2-Dimensional Electrophoresis (2DE) Immunoblot Analysis

Colorectal carcinoma and matched normal tissues were suspended in the sample buffer (40 mM Tris, 7 M urea, 2 M thiourea, 4% CHAPS, and 100 mM 1, 4-dithioerythritol) and in a protease inhibitor cocktail (Roche, Mannheim, Germany). Suspensions were sonicated for 30 s and centrifuged at 100 000 × g for 45 min. One milligram of total protein was used for each 2DE analysis. Aliquots of proteins in the sample buffer were applied onto immobilized pH 3–10 non-linear gradient strips (Amersham Pharmacia Biotech), and isoelectric focusing was conducted at 100 000 Vh. 2DE was performed in 9–16% linear gradient polyacrylamide gels (18 cm × 20 cm × 1.5 mm) as previously described,16 transferred into PVDF membranes, and subsequently blocked in TBS-T containing 5% skim milk. Anti-HMGB1 (BD Biosciences) was diluted 1:5000 in the blocking buffer and incubated with the membranes for 1 h at room temperature. After washing, the membranes were incubated for 1 h with HRP-conjugated secondary antibody (Santa Cruz Biotechnology), washed, and developed with ECL-Plus (Amersham Pharmacia Biotech).
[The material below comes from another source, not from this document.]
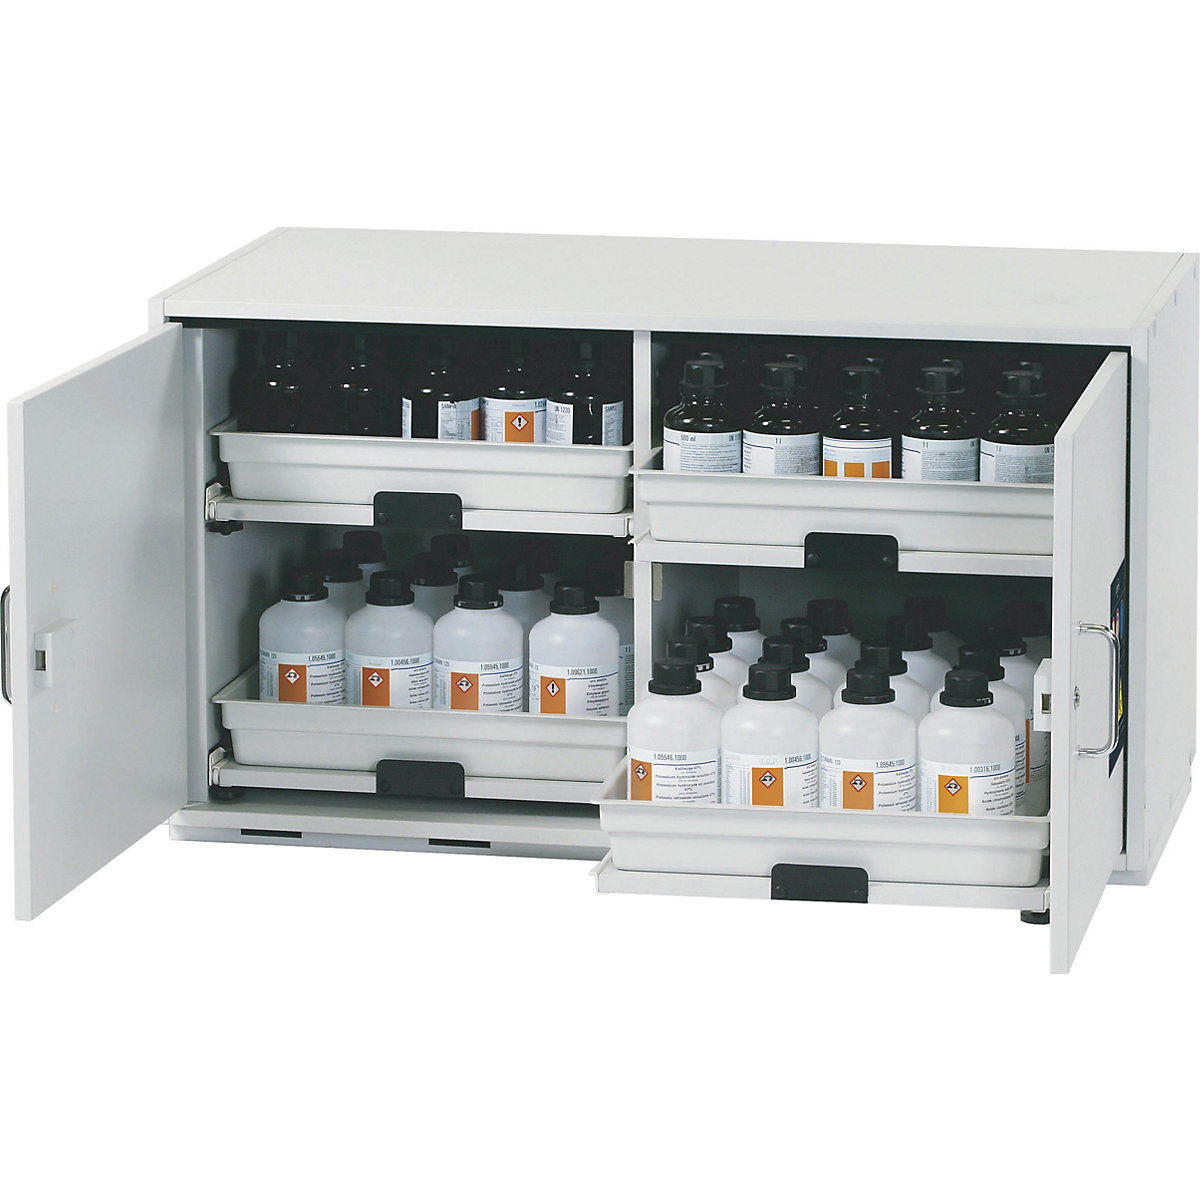 Podstavná skříň na nebezpečné látky pro kyseliny a louhy – asecos, 2 dveře, v x š x h 600 x 1100 x 570 mm, 4 výsuvy-3

Vector Construction and Transfection

We performed transfection assays with the following four vectors (kindly provided by Dr J-S Shin, Department of Microbiology, Yonsei University College of Medicine, Korea): (1) EGFPN1, used as a control; (2) nuclear localization signal (NLS)-WT, containing wild-type HMGB1; (3) NLS(1,2)-AT, containing HMGB1 sequence in which the six serine residues in the NLS 1 and 2 regions were mutated to alanine for the inhibition of HMGB1 phosphorylation; and (4) NLS(1,2)-ET, containing HMGB1 sequence in which the six serine residues in the NLS 1 and 2 regions were mutated to glutamic acid for simulation of phosphorylated HMGB1.17

Six vectors, namely NLS-35ET, NLS-39ET, NLS-42ET, NLS-46ET, NLS-53ET, and NLS-181ET that contained serine to glutamic acid mutations in the NLS1 and NLS2 regions were constructed. One vector (NLS(1)-ET) contained serine to glutamic acid mutations of all five serine residues in the NLS1 region. An additional vector (NLS(1)-AT) contained serine to alanine mutations in all five serine residues. All the vectors were constructed using the QuikChange Site-Directed Mutagenesis Kit (Stratagene, La Jolla, CA, USA), and sequences were confirmed by direct sequencing analysis (Figure 1a).

Figure 1
Figure 1

Phosphorylation of serines 35, 39, and 42 is critical for cytoplasmic localization of HMGB1. (a) Schematic diagram of the HMGB1 gene structure and constructed vectors. HMGB1 consists of two DNA-binding domains, the HMG boxes A and B, and an acidic C-terminal domain. The A box and B box both contain nuclear localization signals (NLSs) NLS1, which includes amino acids 28–53, and NLS2, which includes amino acids 179–185. A description of each vector can be found in the text. (b) Localization of HMGB1 in HCT116 cells transfected with NLS-WT, NLS(1,2)-AT, or NLS(1,2)-ET. Cytoplasmic HMGB1 was evident in the cell lines transfected with NLS-WT and NLS(1,2)-ET. (c) Cytoplamic HMGB1 (arrows) is found in the HCT116 cells transfected with NLS(1)-ET (vector for which all five serine residues in the NLS1 region were mutated to glutamic acid), NLS-35ET, NLS-39ET, and NLS-42ET (containing a serine to glutamic acid mutation at the indicated residue; Figure a).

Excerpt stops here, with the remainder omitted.